1. **Implement** parallel processing for performance gains
2. **Apply** advanced error handling and recovery patterns
3. **Configure** structured logging for production systems
4. **Write** testable automation scripts
5. **Optimize** script performance using profiling
6. **Build** production-ready automation tools

## Introduction: Professional Automation

This module elevates your automation scripts from working prototypes to production-ready systems.
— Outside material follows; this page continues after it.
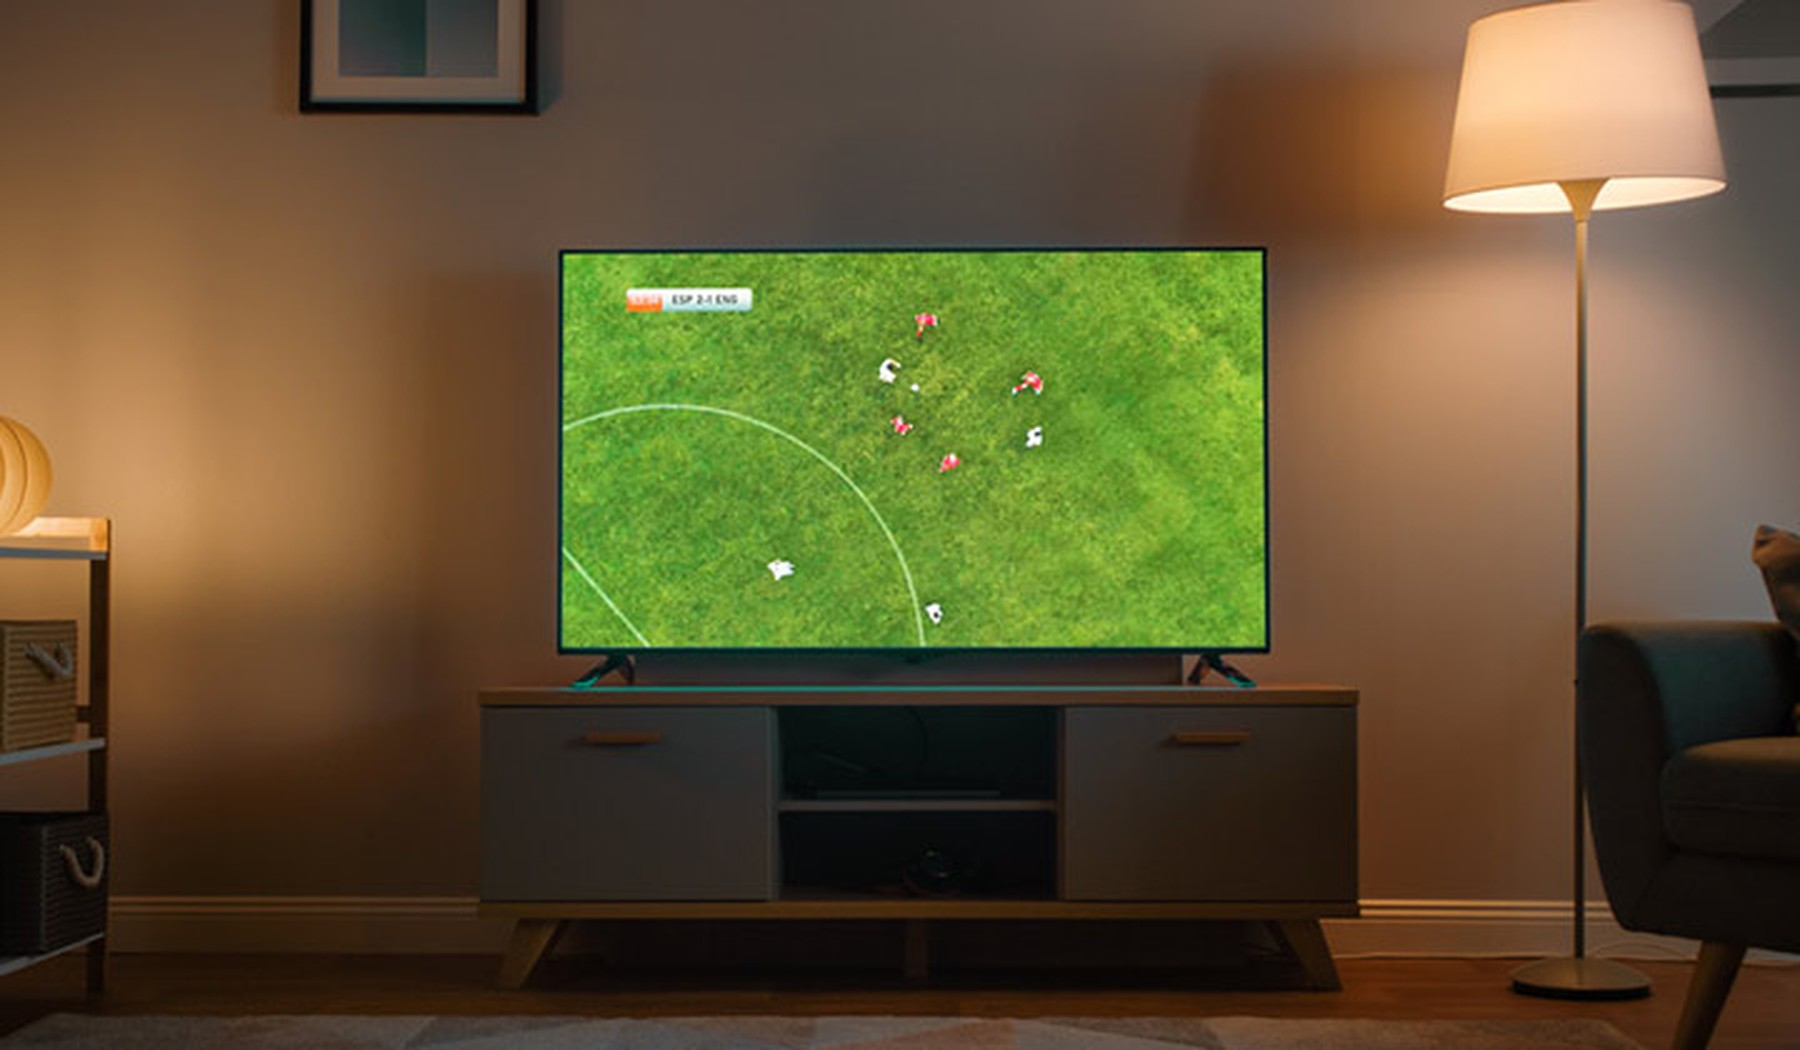 Televisión plana con un partido de fútbol en un salón con luz tenue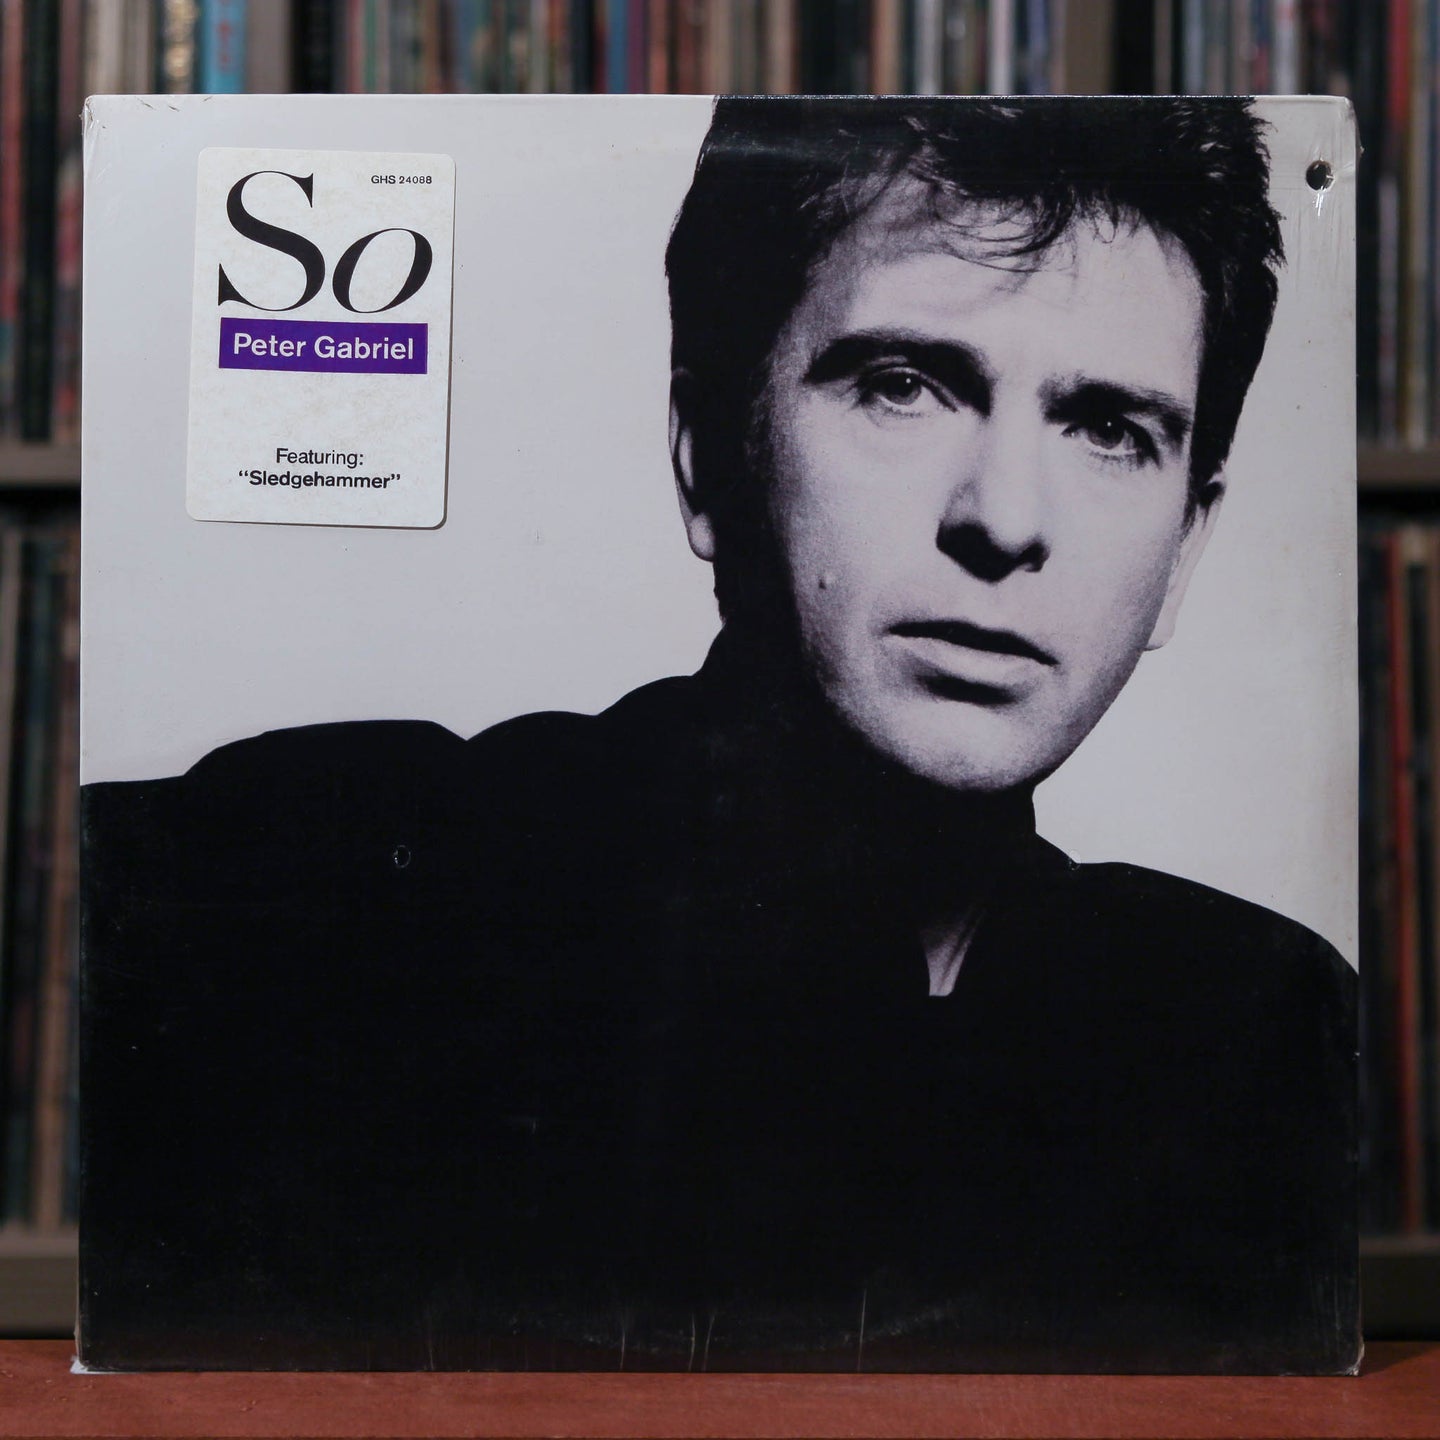 Peter Gabriel - So - 1986 Geffen, SEALED

### What Makes Code "Production-Ready"?

**Basic Script** → **Production System**

| Aspect | Basic | Production |
|--------|-------|------------|
| **Error Handling** | Try-except if needed | Comprehensive with recovery |
| **Logging** | Print statements | Structured logging with levels |
| **Performance** | "Good enough" | Profiled and optimized |
| **Testing** | Manual testing | Automated test suite |
| **Scalability** | Single-threaded | Parallel when beneficial |
| **Monitoring** | None | Metrics and alerts |
| **Documentation** | Minimal comments | Complete docs + examples |

### When to Apply Advanced Techniques

**Use parallel processing when:**
- Processing many independent items (batch operations)
- I/O-bound tasks (API calls, file operations)
- CPU-bound tasks on multi-core systems

**Use structured logging when:**
- Scripts run unattended
- Debugging production issues
- Compliance/audit requirements
- Multiple team members use the script

**Write tests when:**
- Code will be reused frequently
- Multiple people contribute
- Changes are risky
- Regression bugs are costly

This module teaches you **how** and **when** to apply each technique.

In [None]:
# Setup: Import required libraries
import time
import logging
from pathlib import Path
from concurrent.futures import ProcessPoolExecutor, ThreadPoolExecutor, as_completed
import multiprocessing
from functools import wraps
import traceback
from datetime import datetime

print(f"CPU cores available: {multiprocessing.cpu_count()}")
print("Setup complete!")

## 1. Parallel Processing

Speed up batch operations by processing multiple items simultaneously.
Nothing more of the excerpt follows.